### Records provided
· · ·
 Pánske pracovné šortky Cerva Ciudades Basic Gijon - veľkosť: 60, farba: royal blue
· · ·
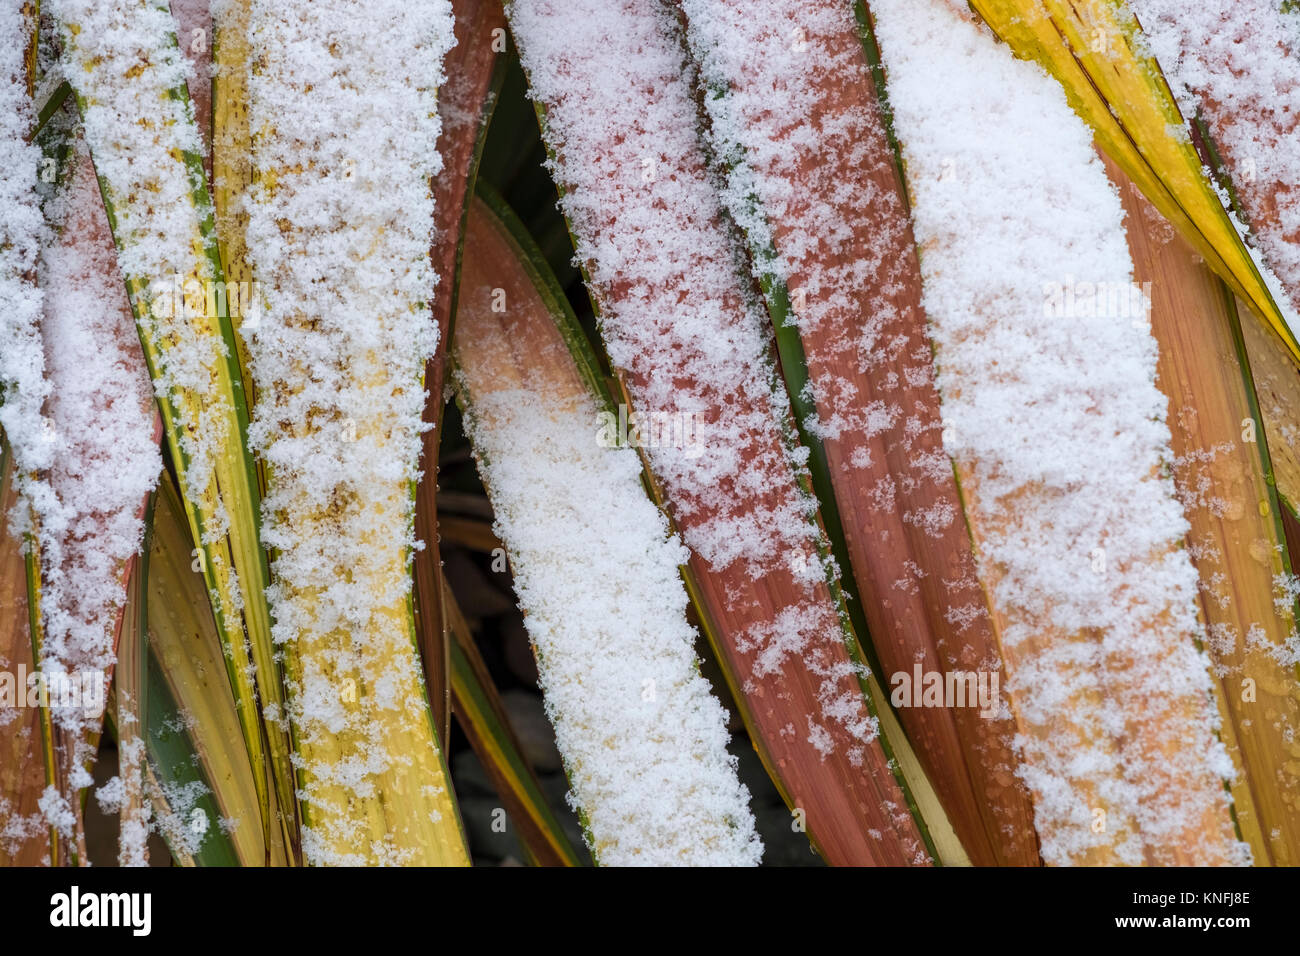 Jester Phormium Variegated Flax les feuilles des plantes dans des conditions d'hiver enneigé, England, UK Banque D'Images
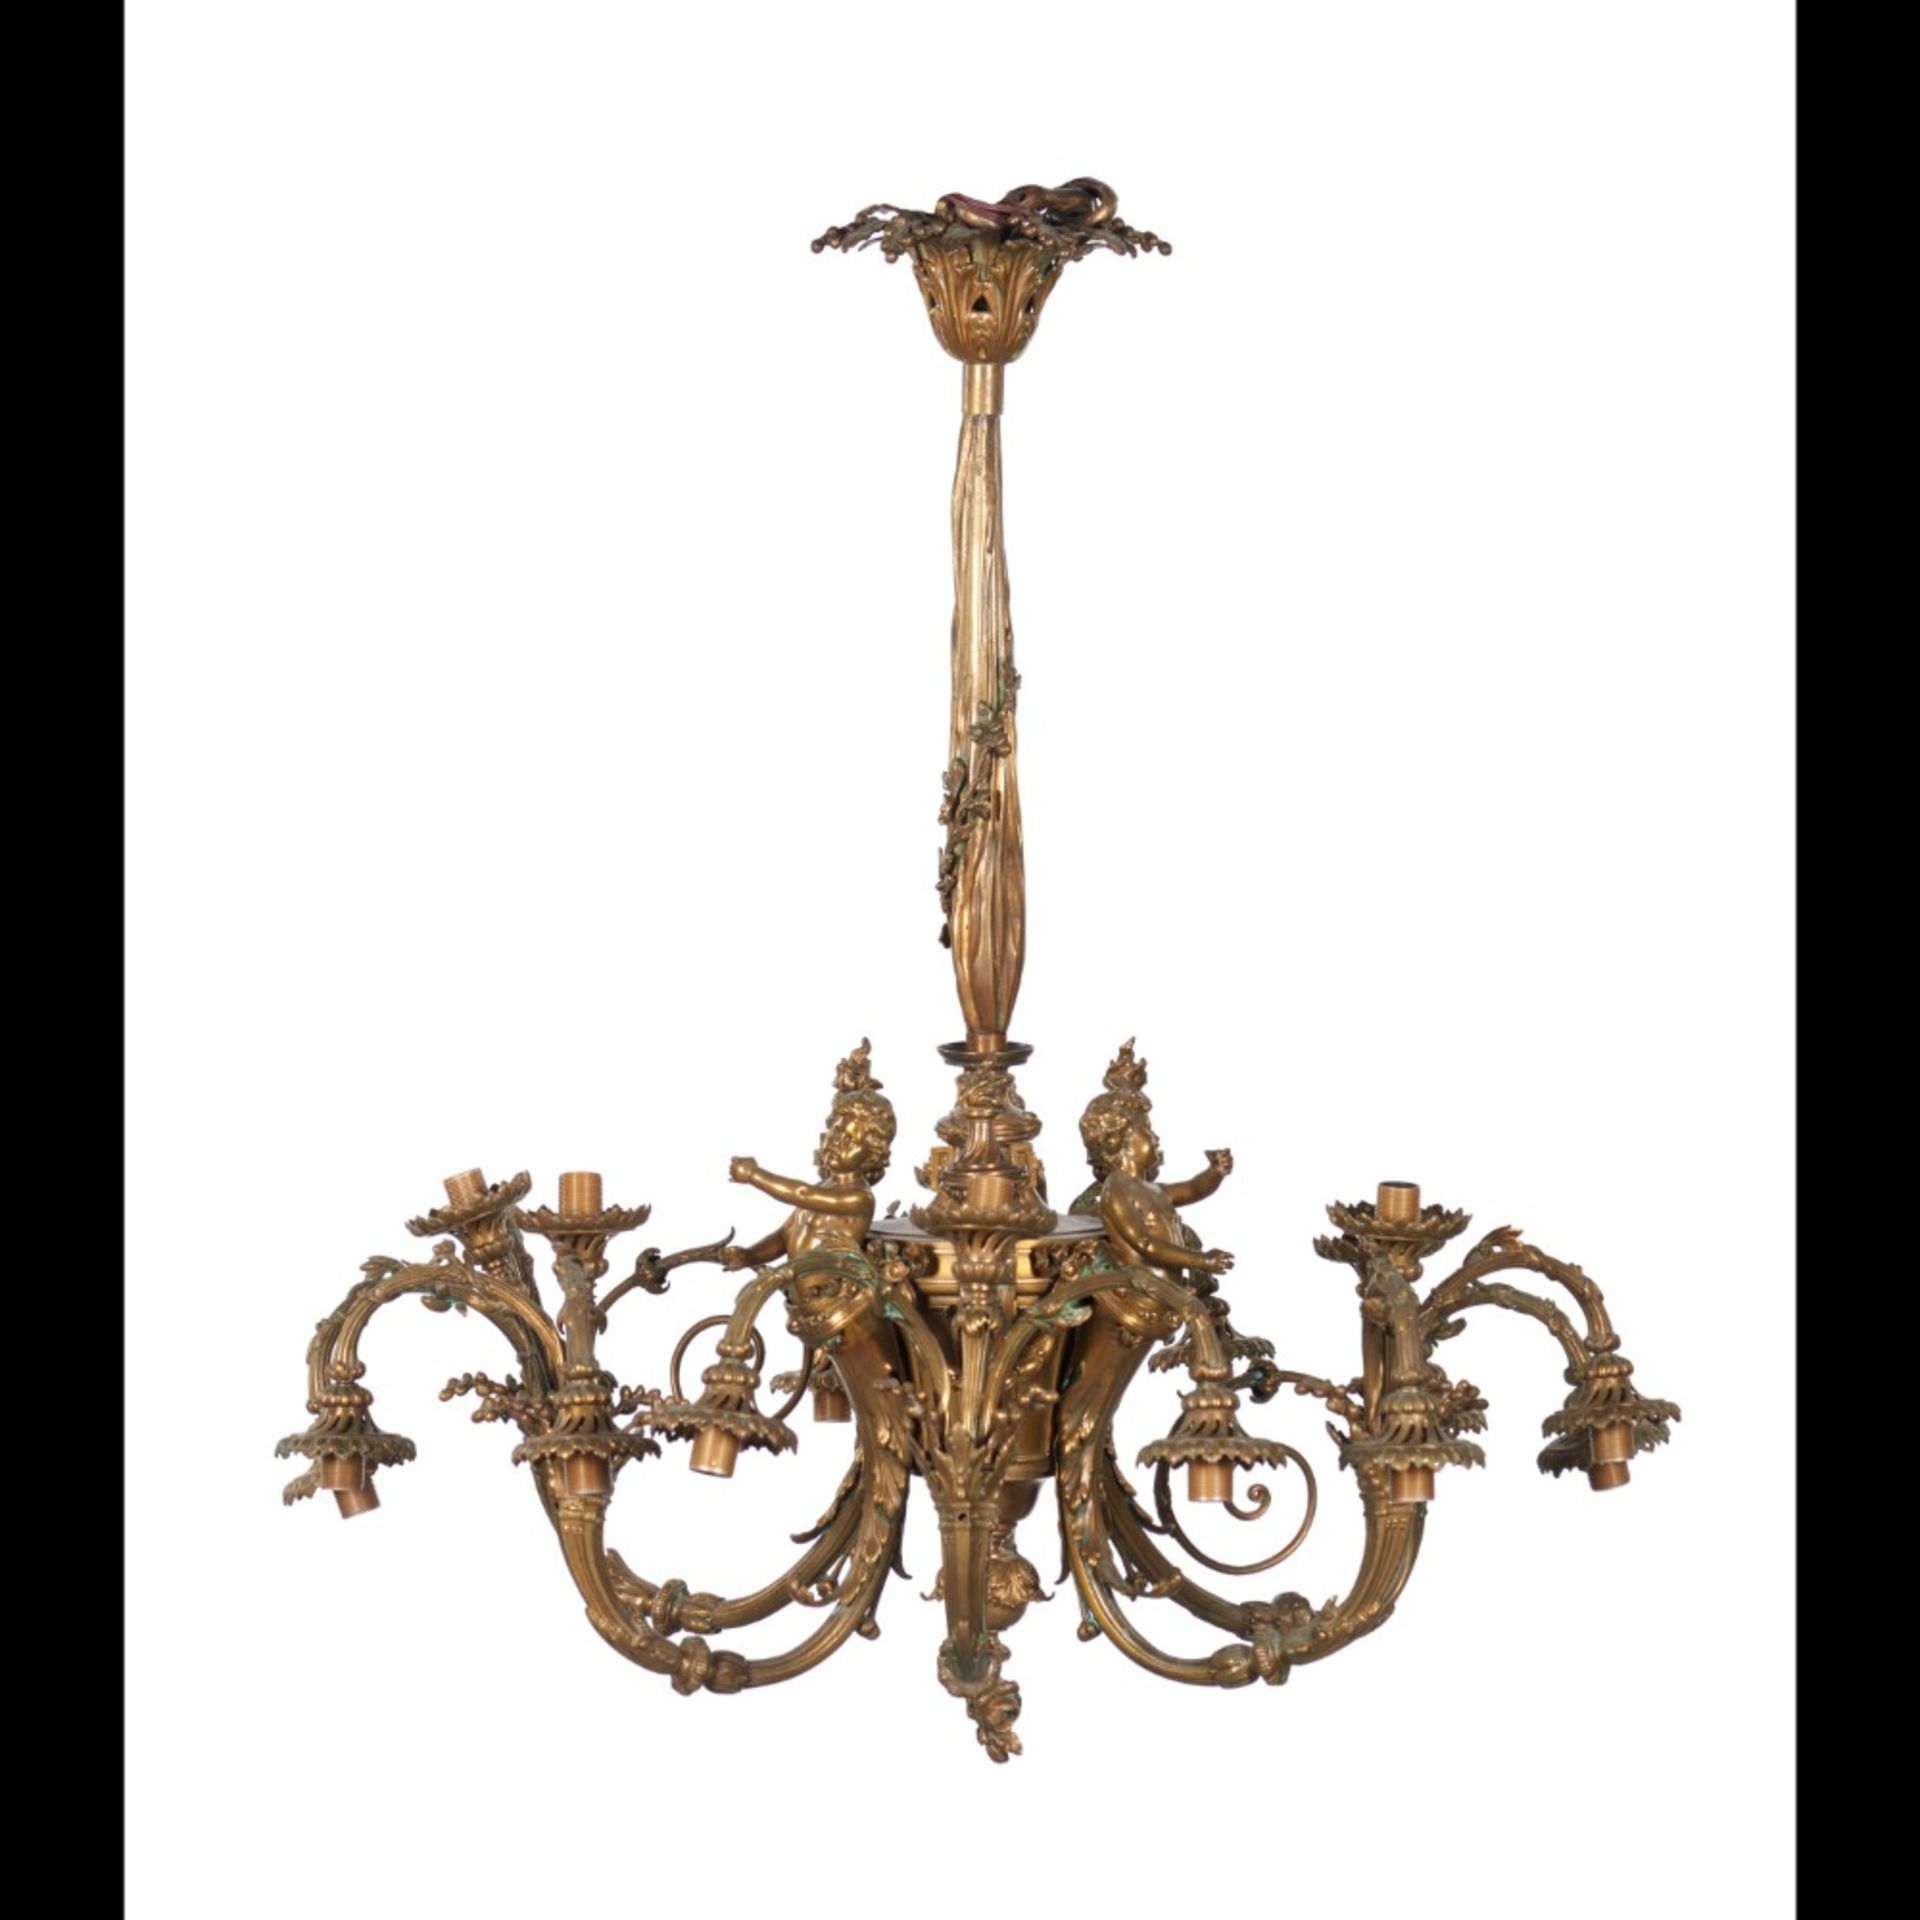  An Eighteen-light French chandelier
· · ·
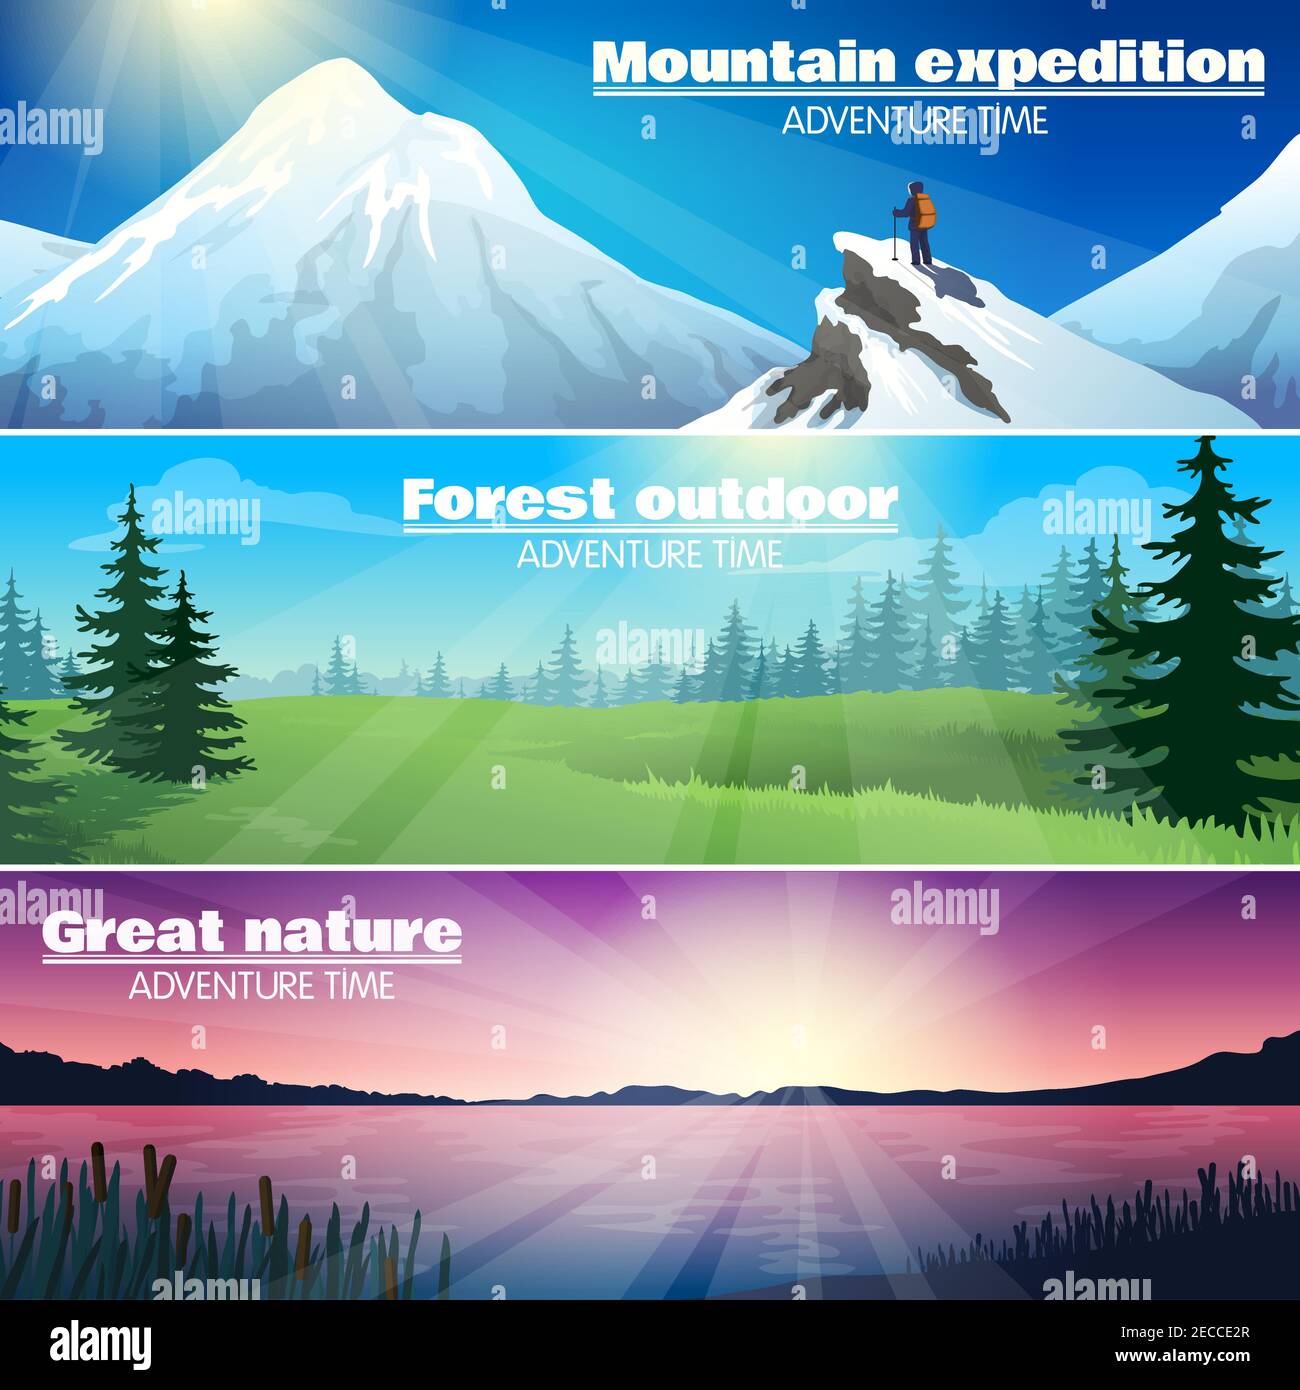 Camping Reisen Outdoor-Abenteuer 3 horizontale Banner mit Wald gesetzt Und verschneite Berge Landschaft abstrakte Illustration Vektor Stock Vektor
· · ·
### Aim of the task
Exactly as written above, retype the lines starting at the one holding "Jester Phormium Variegated" and ending at the one holding "An Eighteen-light French chandelier", both included, but not the pictures.

### Result for this task
 Jester Phormium Variegated Flax les feuilles des plantes dans des conditions d'hiver enneigé, England, UK Banque D'Images
  An Eighteen-light French chandelier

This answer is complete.